You like being in control. You define yourself by what you say and do. This is intellectually driven. Sometimes it is hard for you to be guided entirely by your heart when it comes to a relationship with another person. You don't want to ever end up lost or dependent on someone else. So, flip these around....
Pregnancy and parenting force you to take what comes, you have no control. You are no longer defined by your external actions in the public eye. In fact, you may lose all external validation for a period of time. You become emotionally driven. You can intellectualize all you want but parenting comes from somewhere else. The books will never tell you what is the best thing for you and your child, the professionals can only help so much. You will be lost, many times. Someone is completely dependent on you for about 2 years.
In sum, becoming a parent forces you to face those things you may have spent the last 39 years building up very effective coping mechanisms against.

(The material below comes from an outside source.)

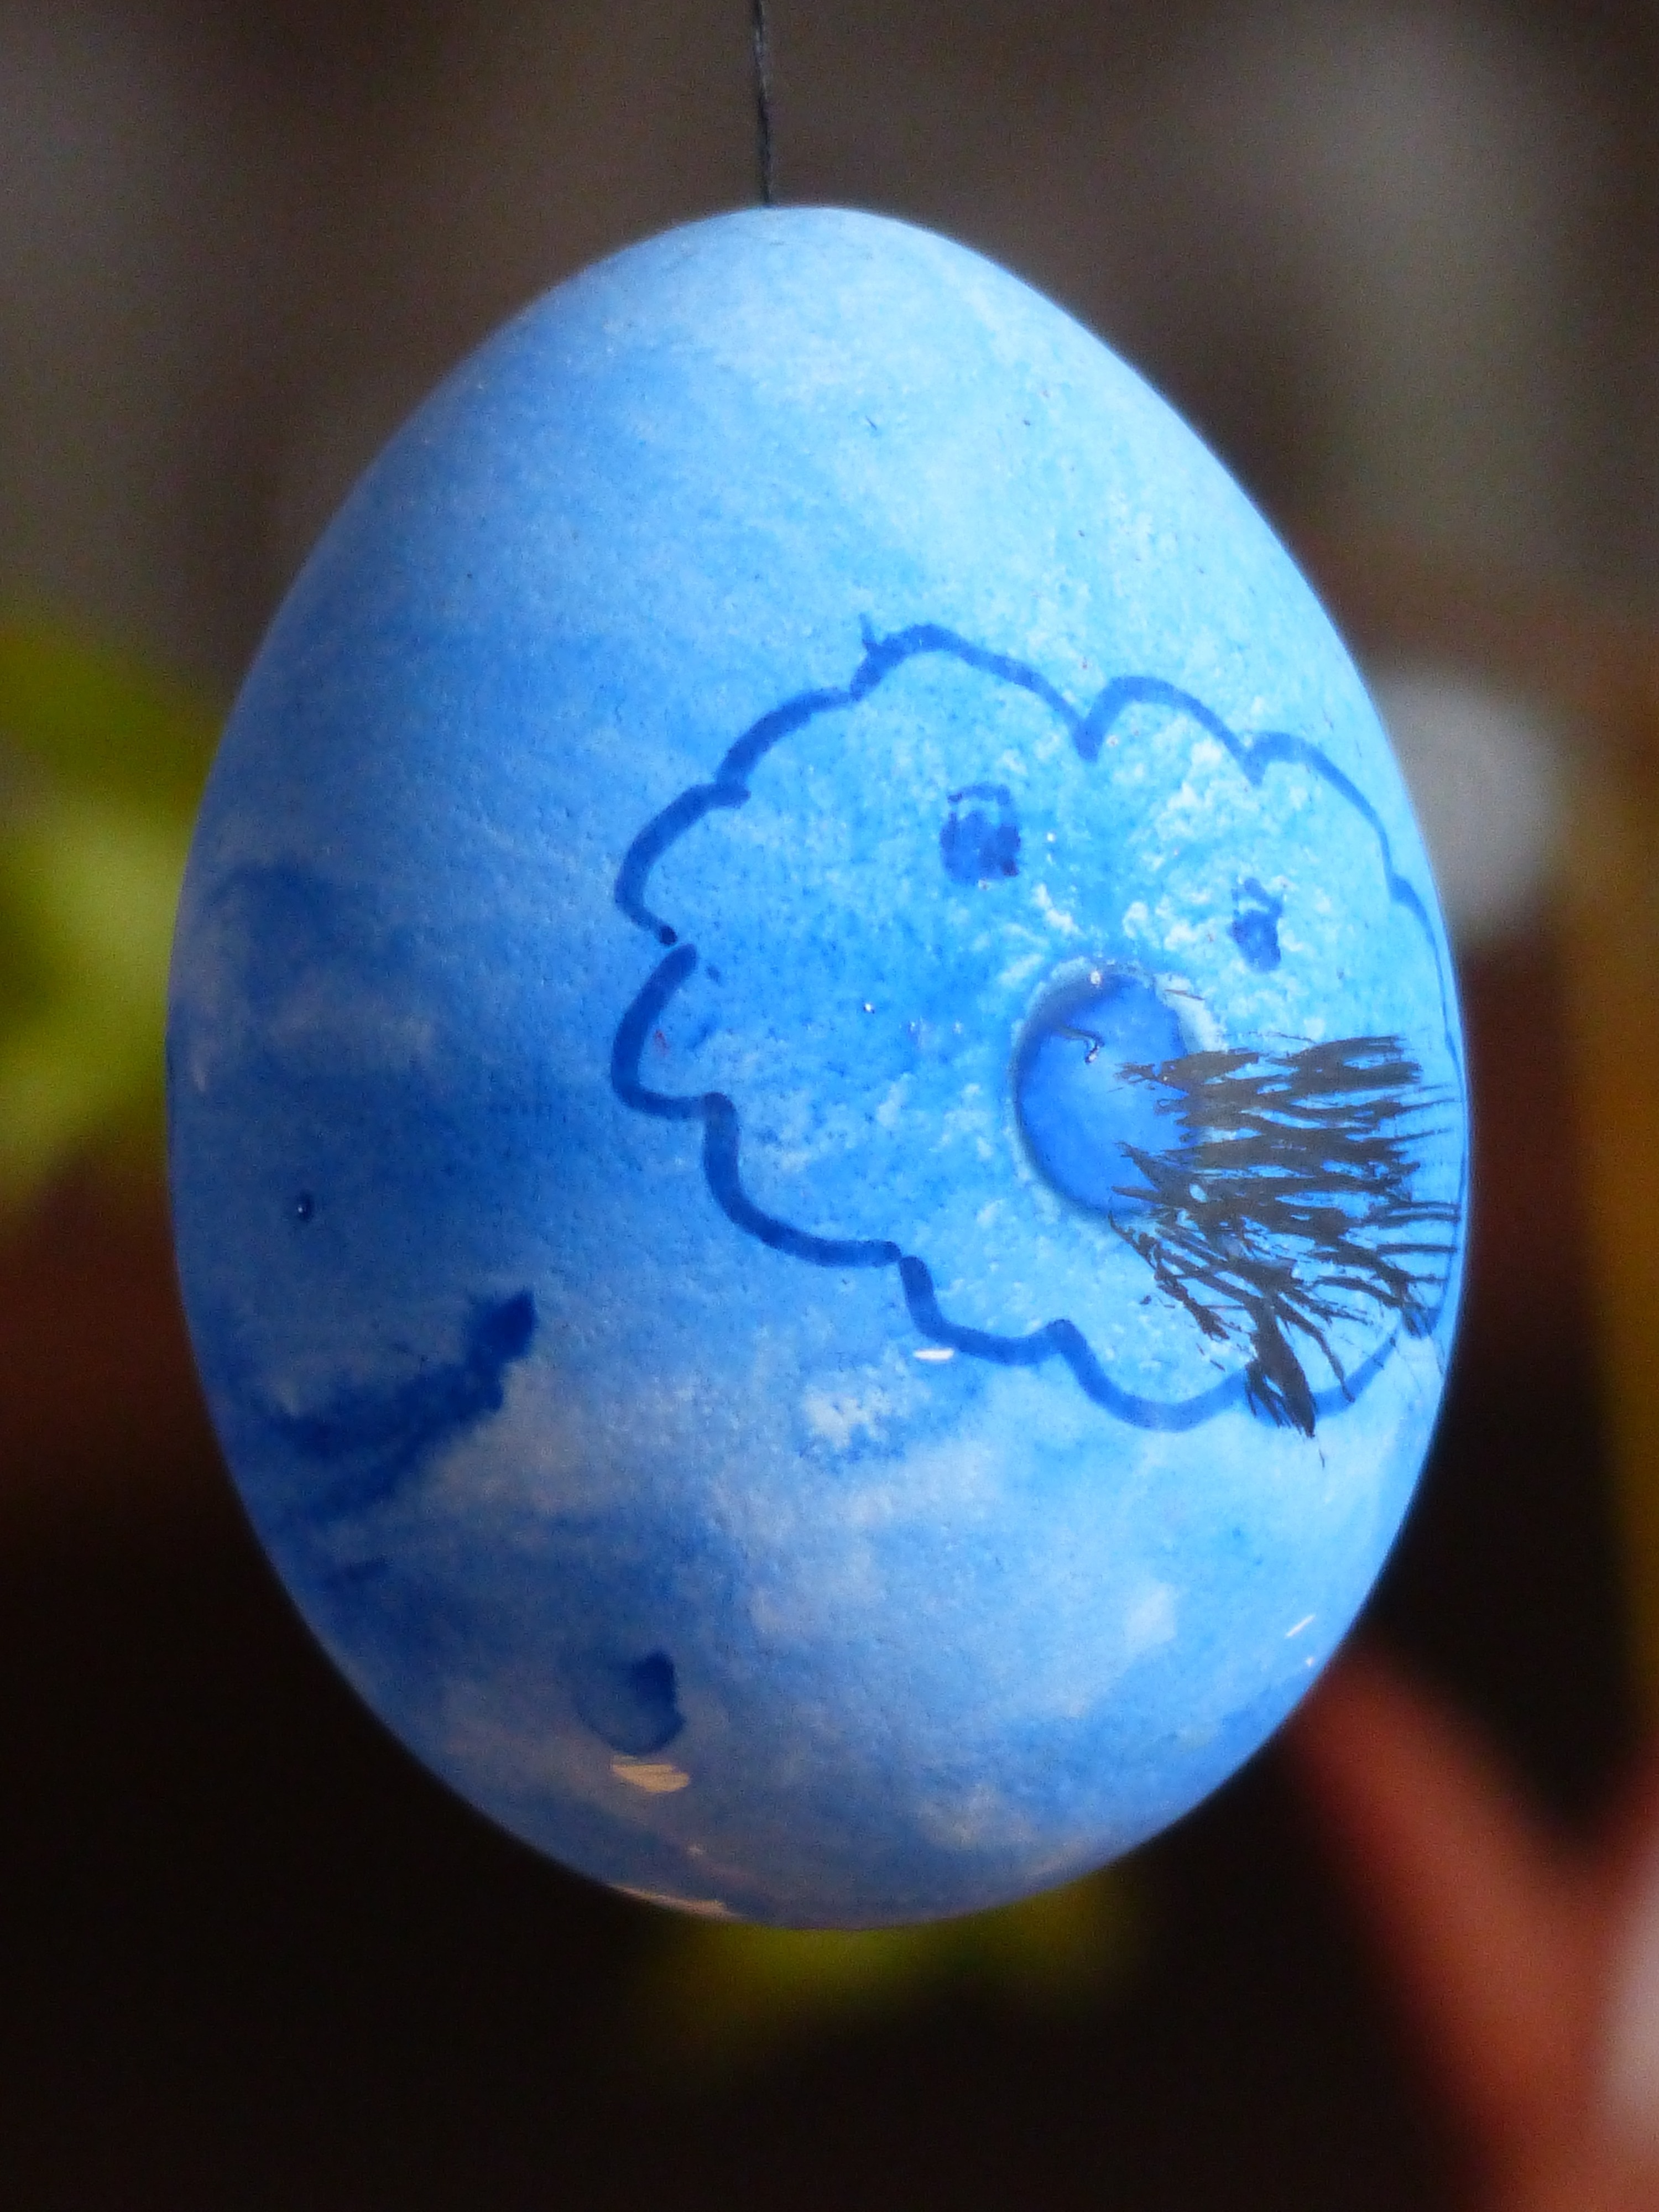 Easter, Egg, Easter Egg, Easter Eggs, blue, close-up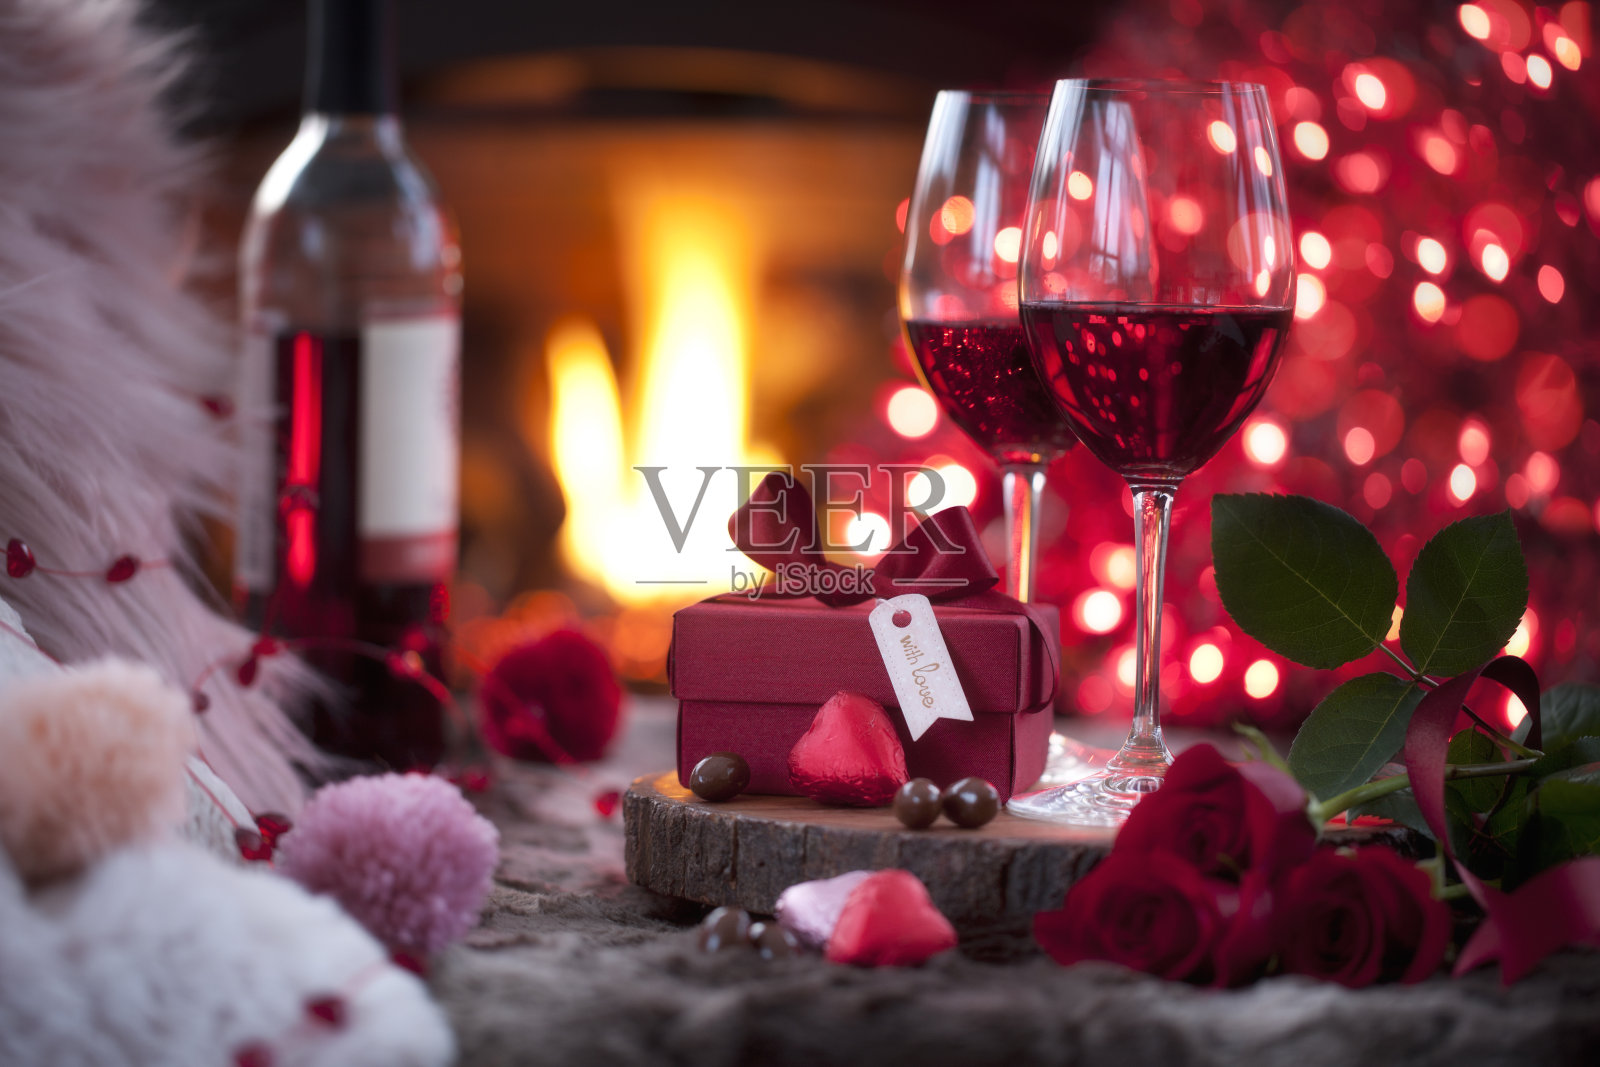 壁炉前放着红酒和巧克力作为情人节礼物照片摄影图片

You are a highly functional woman and will live a wonderful life no matter what happens to you.
If you decide to become a mother, it will change your course forever.
This does not change it for the worse. It's just a foreign place. It's just scary. It takes your breath away and can rip your heart out.
But, as with anything I've ever seen you do, or known you to do, you pick yourself up. You look inside. You say Godammit I CAN do this. And, a whole new world may open to you. And you will love yourself.
Totally worth the wait. Thanks for sharing.